Prof. Eli Puterman (School of Kinesiology, UBCV) 
Eli Puterman is an Associate Professor in the School of Kinesiology at the University of British Columbia in Vancouver, British Columbia, Canada. He is the Canada Research Chair in Physical Activity and Health since 2015. Dr. Puterman’s research program develops and implements physical activity and exercise programs in collaboration with and for hard-to-reach and high-stress individuals to determine how such programs can improve mental and physical wellbeing.

 

Prof. Diane S. Srivastava (Department of Zoology, UBCV)
Diane S. Srivastava is an internationally-recognized authority in community ecology. Her groundbreaking research integrates spatial and trophic processes to understand food webs, and their response to global change. She pioneered the use of natural microecosystems for testing the universality of ecological processes, and has authored seminal ecological syntheses. Her leadership nationally has led to a revitalization of synthesis science in Canada’s ecology and evolution research community.
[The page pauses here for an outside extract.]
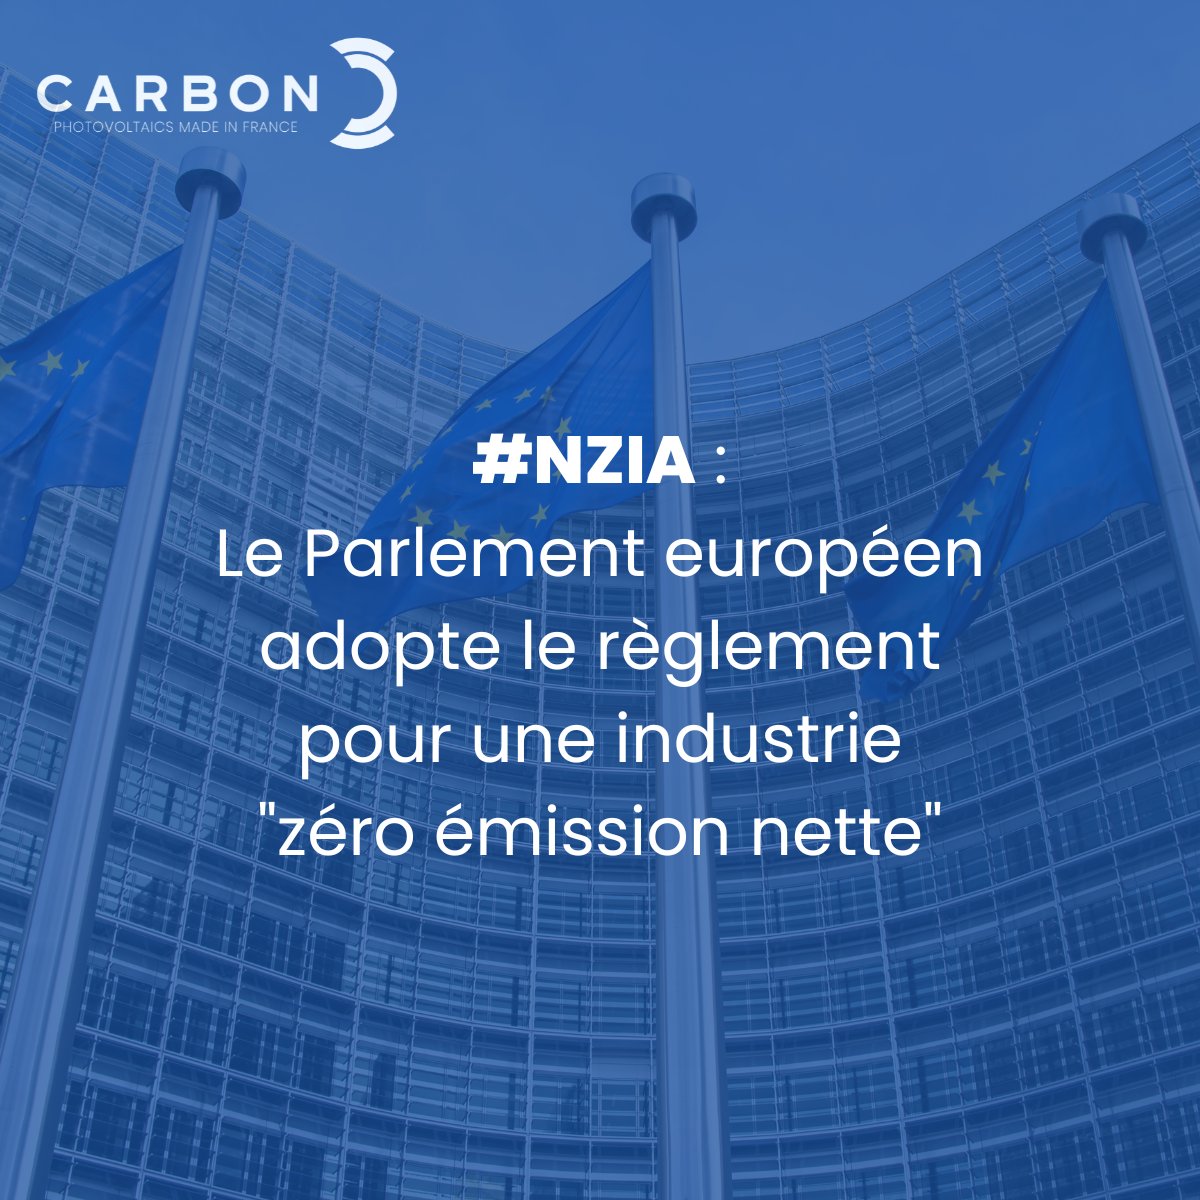 Bonne nouvelle du côté de l'Europe ! 🇪🇺 🌞

Ce jeudi, le Parlement européen a adopté le règlement pour une industrie 'zéro émission nette' ! #NZIA 🏭⚡️☀️🌱

Prof. Mark van Raamsdonk (Department of Physics and Astronomy, UBCV ) 
Professor Mark van Raamsdonk has made ground breaking contributions to theoretical physics, in particular quantum field theory, string theory, and quantum information. One of his most profound results is the demonstration that spacetime in gravity and thus Einstein’s equations of General Relativity can emerge from quantum entanglement. His work contributed seminally to our modern understanding of the relation between quantum mechanics and gravity.